The state Department of Public Health says the source of the tainted fruit has not yet been identified. But in a similar Canadian outbreak, people were warned not to eat the Daniella brand.

August 28, 2012|By Rebecca Trounson, Los Angeles Times
  • California public health officials say an outbreak of salmonella that has sickened 73 people in the state appears to be linked to tainted mangoes.
California public health officials say an outbreak of salmonella that…

California public health officials say an outbreak of salmonella that has sickened 73 people in the state appears to be linked to tainted mangoes.

The California Department of Public Health said Tuesday that the source of the tainted fruit and any affected brands have not yet been identified. But the salmonella cases in California do involve the same bacterial strain as in a recent outbreak in Canada, department spokesman Matt Conens said.
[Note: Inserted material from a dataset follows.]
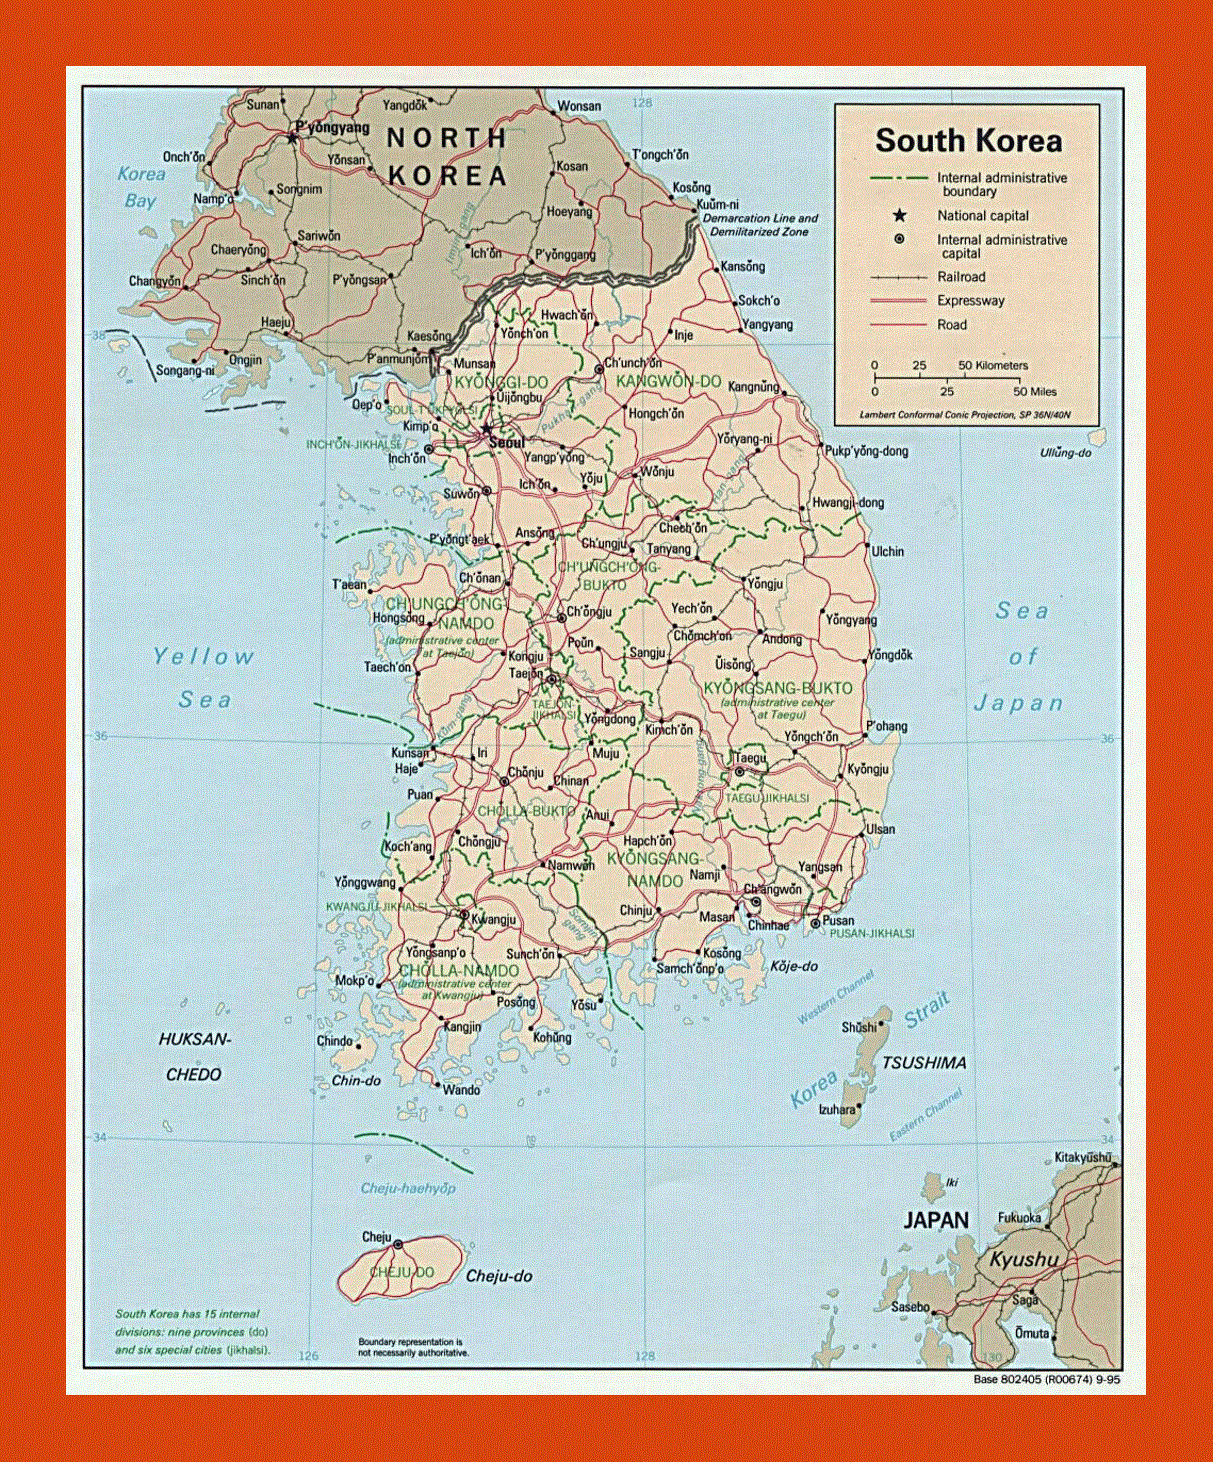 Political and administrative map of South Korea - 1995

In those cases, Canadian authorities have warned people not to eat Daniella brand mangoes, which are grown in Mexico. The Canadian Food Inspection Agency said several people became ill after eating the fruit.

Of the 73 confirmed cases in California, about two-thirds of patients reported having eaten mangoes, officials said. Conens said no other details about the cases, including the ages of the victims and the severity of their illnesses, was available Tuesday.
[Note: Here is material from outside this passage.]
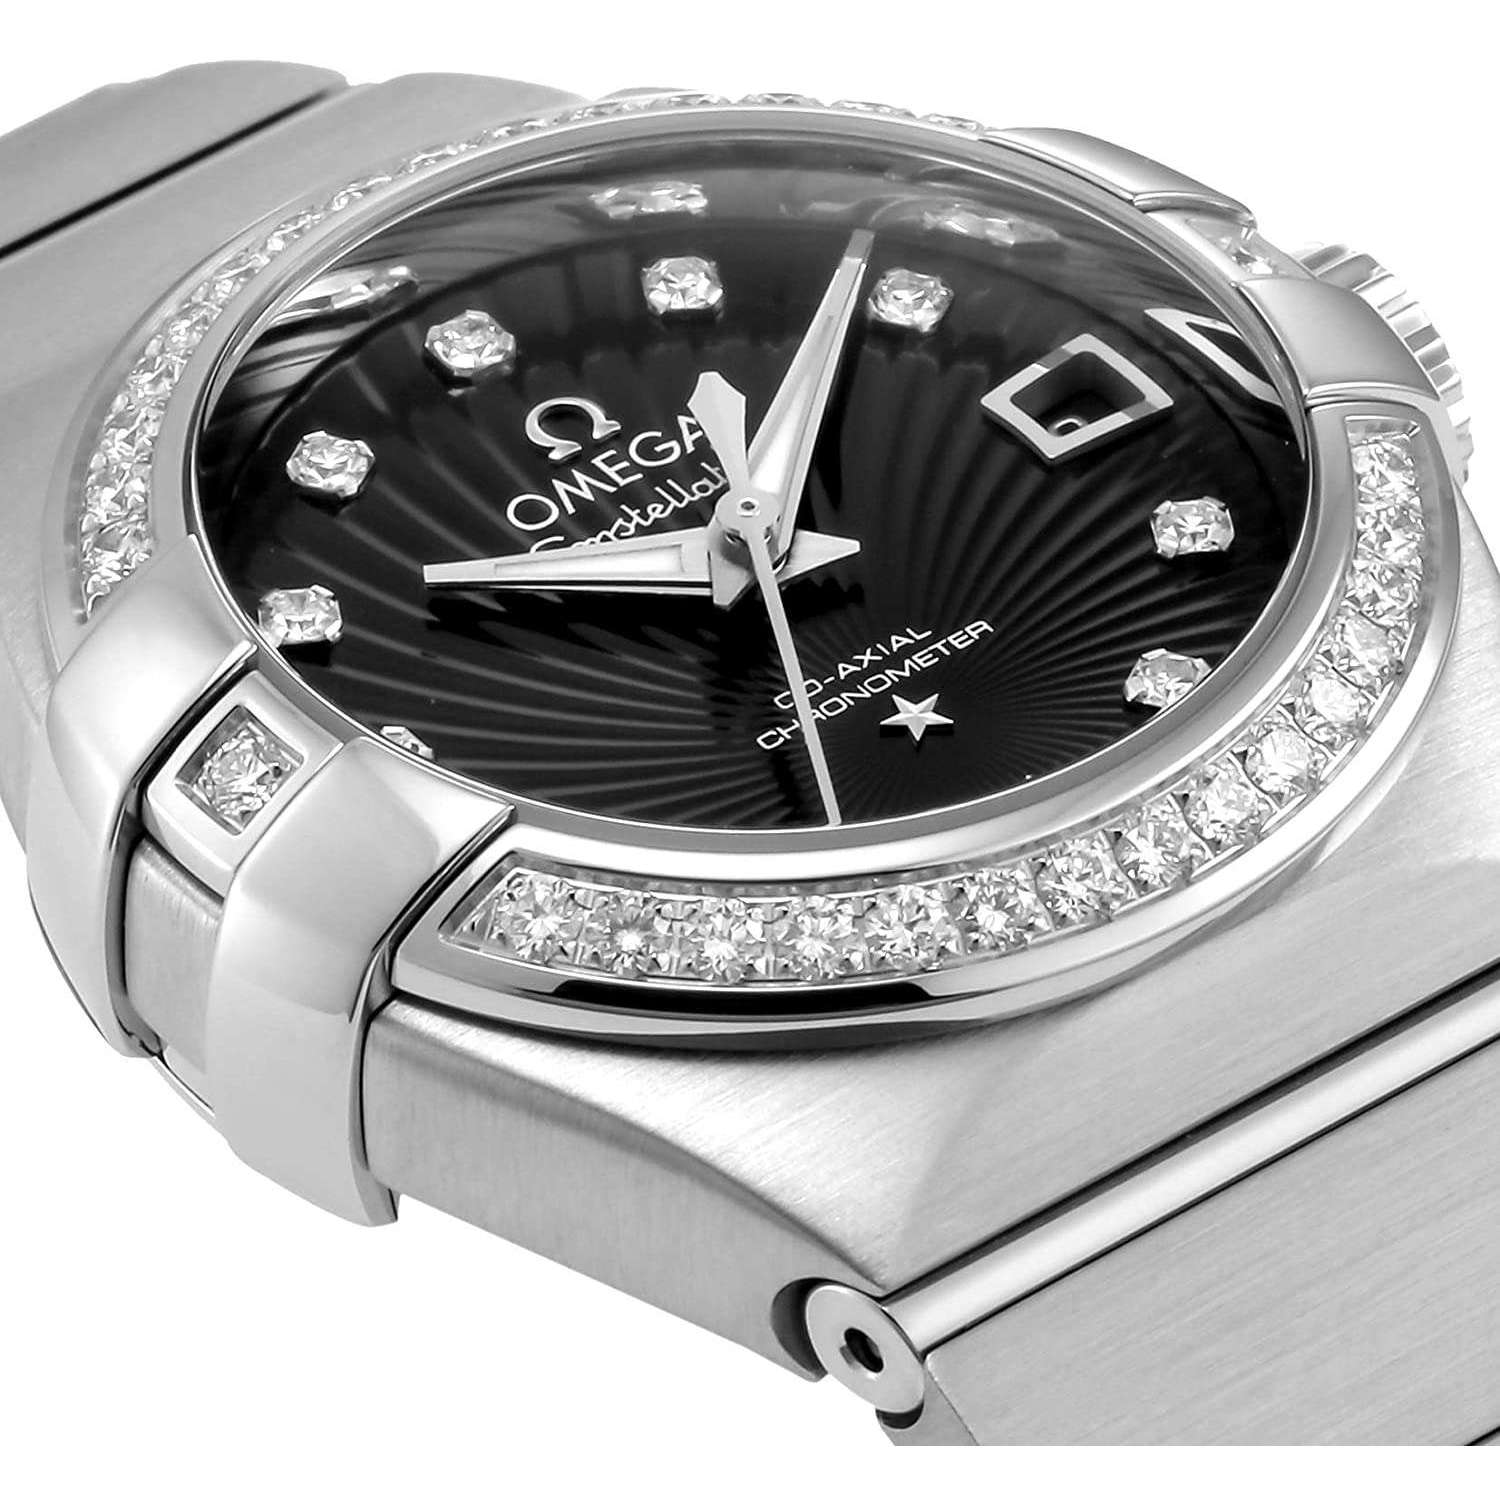 OMEGA CONSTELLATION CO‑AXIAL CHRONOMETER 27 MM WOMEN WATCH 123.15.27.20.51.001 - ROOK JAPAN

Lola Russell, a spokeswoman with the Centers for Disease Control and Prevention in Atlanta, said several other states have also recently reported cases of salmonella Braenderup, the same type at issue in California. She said the agency is working with state health departments to investigate the outbreak.

Meanwhile, a California company that is the main U.S. distributor of Daniella mangoes has announced a voluntary recall of the fruit.

"We're trying to gather as much information as we can and get to the bottom of this," said Larry Nienkerk, owner of Burlingame-based Splendid Products, who said the company was working closely with regulatory agencies. "We're concerned about the people who've been affected."

Infection with salmonella, of which there are many types, can cause diarrhea, fever and cramping. The illness can be severe, especially in the very young, the elderly and those with compromised immune systems.